Bones closed his hand around mine and squeezed.

The gesture had me glancing up at him again.

“It helped. You pulled another ghost out of the closet. That’s one less to ambush us.

We have names. With you inside and distracting them, all three of you got more images of their guests.

We can’t identify everyone yet, but I meant what I said.

We will erase your pursuers and dismantle the rest.”

“Hopefully, some of the people I cut loose tonight kept going. They could be dealing with some legal bullshit,” Lunchbox said and his smile suddenly returned. “Oh yeah, that will be something for them to have to deal with. They had a full house downstairs and their security was spotty.”

“Surveillance was jammed,” Alphabet said with a shrug of his own that made me bounce a little. “I left them a lovely little virus that would have made a mess out of everything. So sad for them.”

“You set fire to the bar,” I reminded Lunchbox and he winked.

“That I did. So yes, Gracie. You helped. Intelligence is never a bad thing. We know more. The more we know, the more we can make our targets hurt.” He nodded once.

“Oh yeah. Definitely planning some maximum pain there. Now, you need to eat. I’m going to see what supplies we have. Then we can debate where we’re going.”

Bones said nothing, but his expression said he was considering options.

“Two things,” I said before Lunchbox could derail us with food again.
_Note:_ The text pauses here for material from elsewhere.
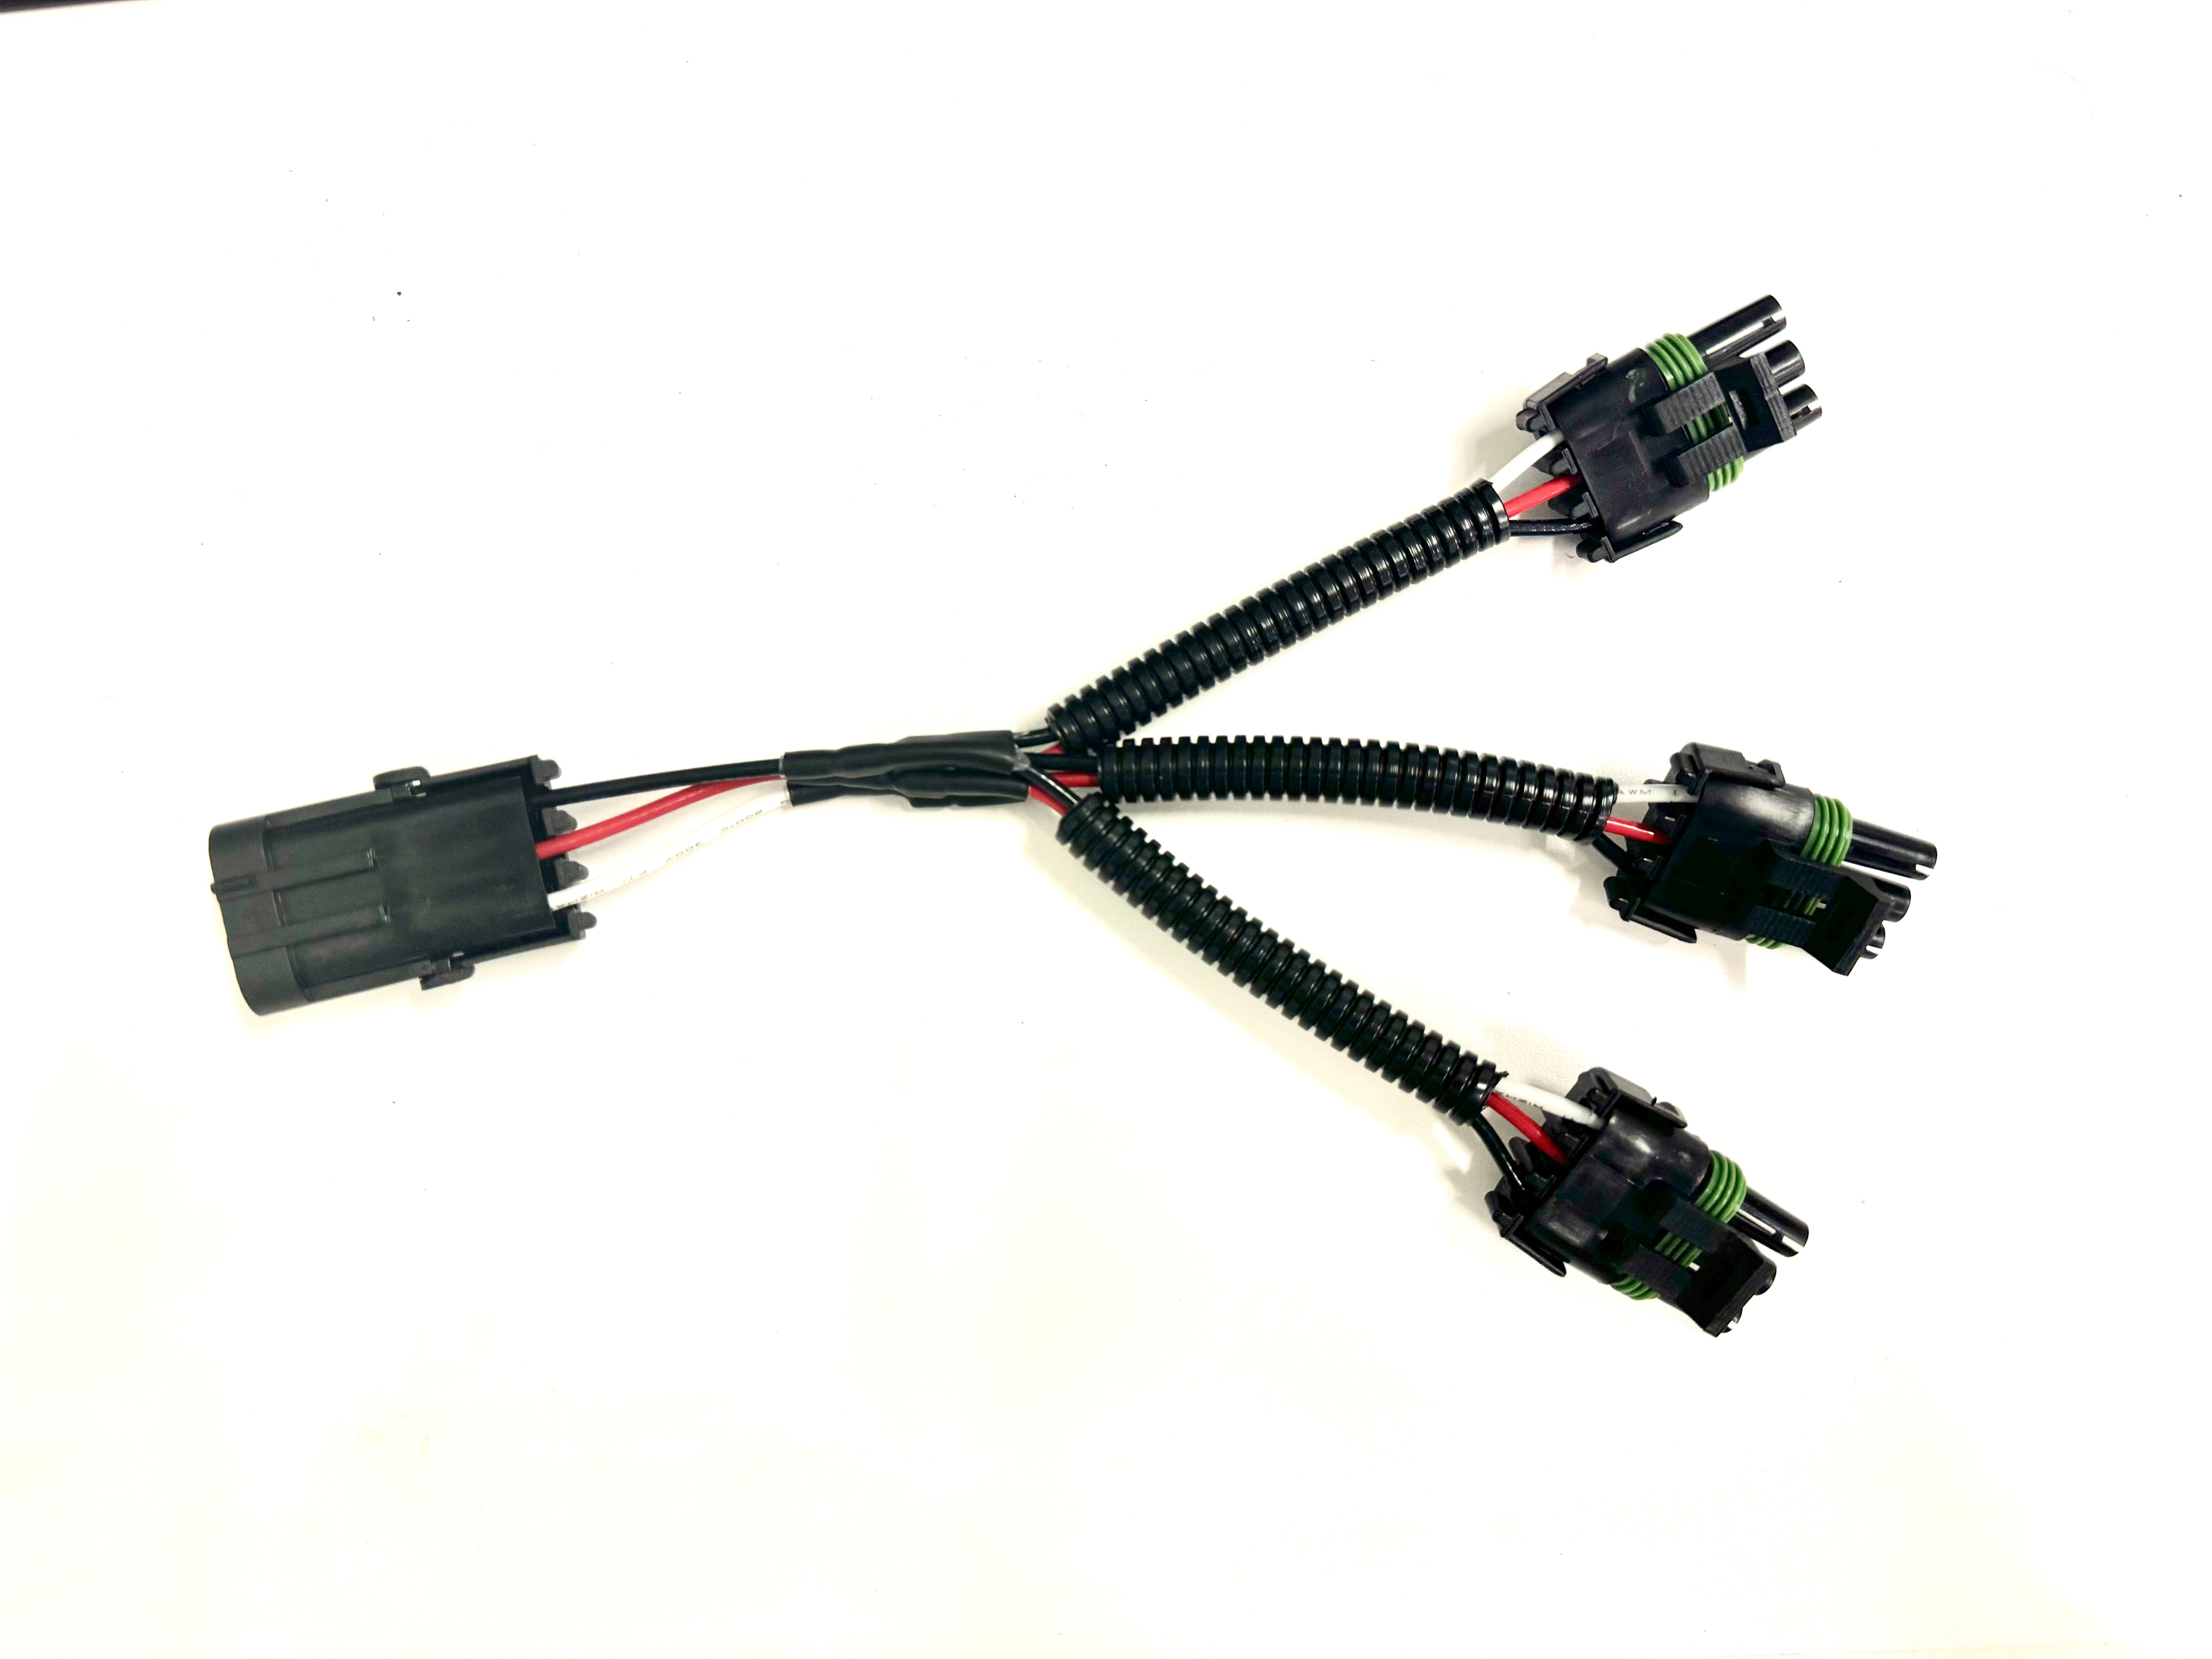 SPV Parts 3 Way HARNESS Splitter with 3 Pole WP Connectors (Single) - SPV Harness System (Works with MANY vehicles, See Details)

Though, admittedly, the longer I leaned into Alphabet the more I relaxed and the hungrier I grew.

“One, yes I want to know who they are and what they did to all of you. Not just because it involves me right now, but because they hurt you.”

No one had to draw me a map for that. I could read the room and the reactions. Bones hated O’Rourke. If he’d been in that room instead of on comms, this whole conversation would probably be moot.

O’Rourke would be dead.

“And two?” Voodoo prompted, though I had all of their attention.

“I’m in this, all of this. With you. I know I’m freaking out and I reserve the right to do that. Tonight scared the shit out of me, but if I helped, then I want to keep helping. Don’t keep me out of this.” I looked at each of them in turns.

“Grace,” Bones said. “You shouldn’t want any part of this.”

Any part of them. That’s what he was saying.

“But I do.” My voice was hoarse and raw. I straightened, stepping away from Alphabet long enough so I could turn in a slow circle and meet their gazes one by one. “And you do, too.”

Not a single one denied it.

“Right now, I’m going to go shower and wash him off. While I do that, you four can decide how you want to handle this and what you’re going to tell me.” I cleared my throat. “Then I’m going to change and come back out here and eat. Be ready to discuss when I am.”

That was my plan.

“Orders, Grace?” Bones asked in the most mild of tones and I couldn’t help it, I grinned.

“Think of them more as guidelines… suggestions really.” It wasn’t the exact quote, but it worked for me. At the bathroom door, I hesitated and glanced back at them to add, “Please.”

After I closed the door, I leaned against it. They didn’t move, at least not that I could hear. They didn’t speak either.

Then, Bones said, “You heard the lady. Get her food started. Then we’ll plan.”